How to make search engines discover more posts on your blog
As I explained in my tutorial “How to analyse your visitors’ traffic figures”, the search engine traffic is important to have people discover your blog. So we have to do everything we can to make search engines discover our blog’s content, through SEO or Search Engine Optimization.
While there is much written about SEO, any honest expert will confess that there are many mysteries surrounding this subject. That’s why in BlogTips, I only share those techniques I experienced to work: In previous posts, I have proven how changing from one blog platform to another, and generating a site map can dramatically increase the amount of posts a crawler “discovers”. And as crawlers like fast sites, I showed the difference of crawlers’ access speed when switching from shared to dedicated servers.
But… these techniques still let crawlers decide how deep they want to dig into your site. If you have a website, or a blog, with a lot of content, much of it might remain undiscovered. And if crawlers don’t check for your content, people won’t be able to find it through the search engines.
By default, Google determines automatically their crawl rate for your site. The “crawl rate” defines many how pages from your site, or posts from your blog, they’ll check on “each visit”. If the crawl rate is too low, a lot of content might go undiscovered and un-indexed.
So how can we force Google crawler (or gently ask it) to crawl more frequently?
1. How many pages does Google crawl on your blog?
As explained in Five things to do after creating a new blog, it is good practice to submit your site to Google Webmasters.
In the Webmasters “Diagnostics Menu”, check the “Crawl stats”, to find out how many pages Google crawls per day. If, according to the amount of blogposts you have, this is too low, you will need to increase the crawl rate.
2. Using Google Webmasters tools to increase the crawl rate
For any site, even if you don’t selfhost your blog, you can adjust the Google crawl rate using the same Google Webmasters tool: Go to “Site Configuration” – “Settings” and click on “Set custom crawl rate”:
Adjust the slider to increase the crawl rate, save the setting and you are done.
This is not a permanent setting. It is only valid for 90 days. Also if you have a robot.txt on your selfhosted blog’s root (see point 3), than the most restrictive setting will apply.
Beware, this ONLY changes the Google crawlrate, and not the crawlrate for any other search engine. Another thing to keep in mind: adjusting the Google crawlrate will only remain valid for three months. You will have to re-adjust it after that period.
3. Using robots.txt to increase the crawl rate
This solution is only valid if you selfhost your blog, running it on your own server.
“robots.txt” is a simple text file with “instructions” for crawlers. It can restrict the access (for all crawlers or only for specific crawlers) to parts of your website, to protect non-public parts, scripts, etc.. But it can also define the rate in which your site is crawled. SearchEngineLand has a simple tutorial if you want to learn more about robots.txt
In short, to make a robots.txt, to change the crawl rate (say to 60 seconds), for all crawlers, something like this is sufficient: (“#” lines are comments)
# Change the crawlrate for any crawler
Save it in a text file (“robots.txt” – all lower case) and put it on the root directory of your blog, and you’re done!

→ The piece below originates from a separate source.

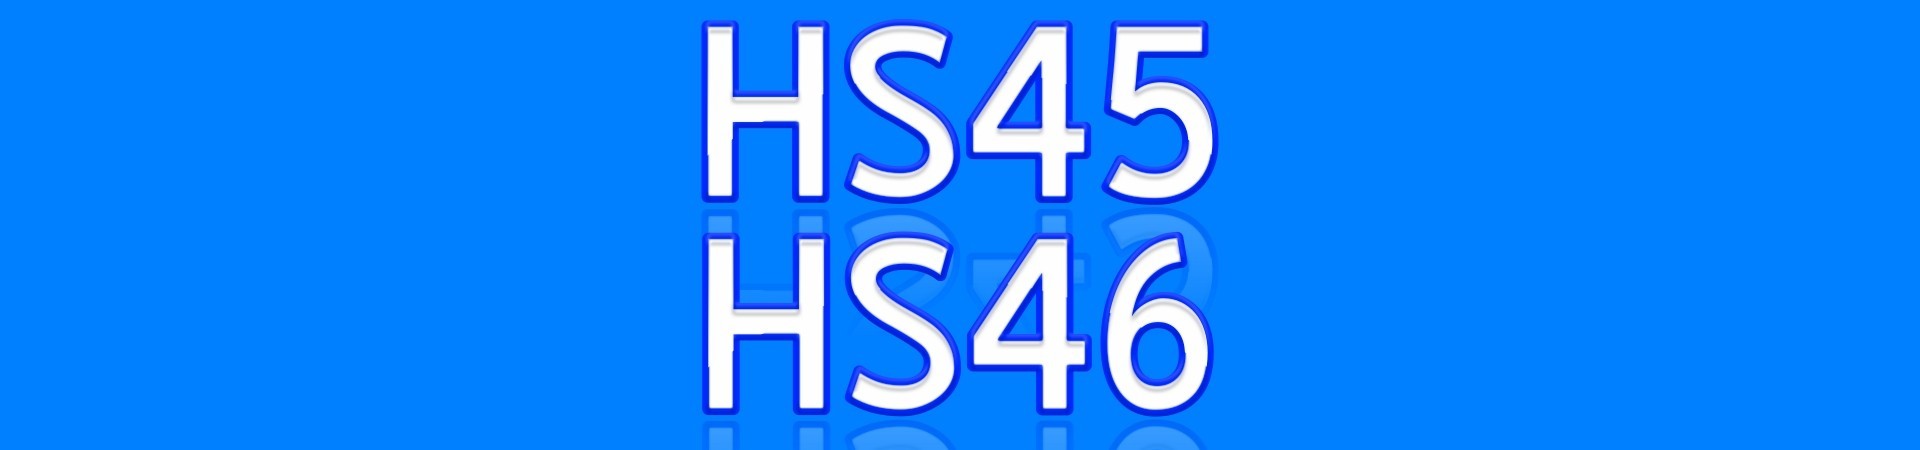 REPUESTOS para Cortasetos STIHL HS45 HS46

Attention! All crawlers accept the robot.txt “crawl-delay” setting, except Google. The Google crawl-delay can only be adjusted using Google’s webmaster tools (as described in the previous paragraph).
And does it work?
You bet! AidNews, one of me humanitarian news aggregators, has over 100,000 posts. While I have a lot of traffic on this site, the amount of visitors coming in via Google was way too low. I changed the crawler delay with a robots.txt from 300 to 60, and see how, the same day, the crawler responded on the graph at the top of this post.
Now, the only thing I can do, is wait until the search engine traffic picks up.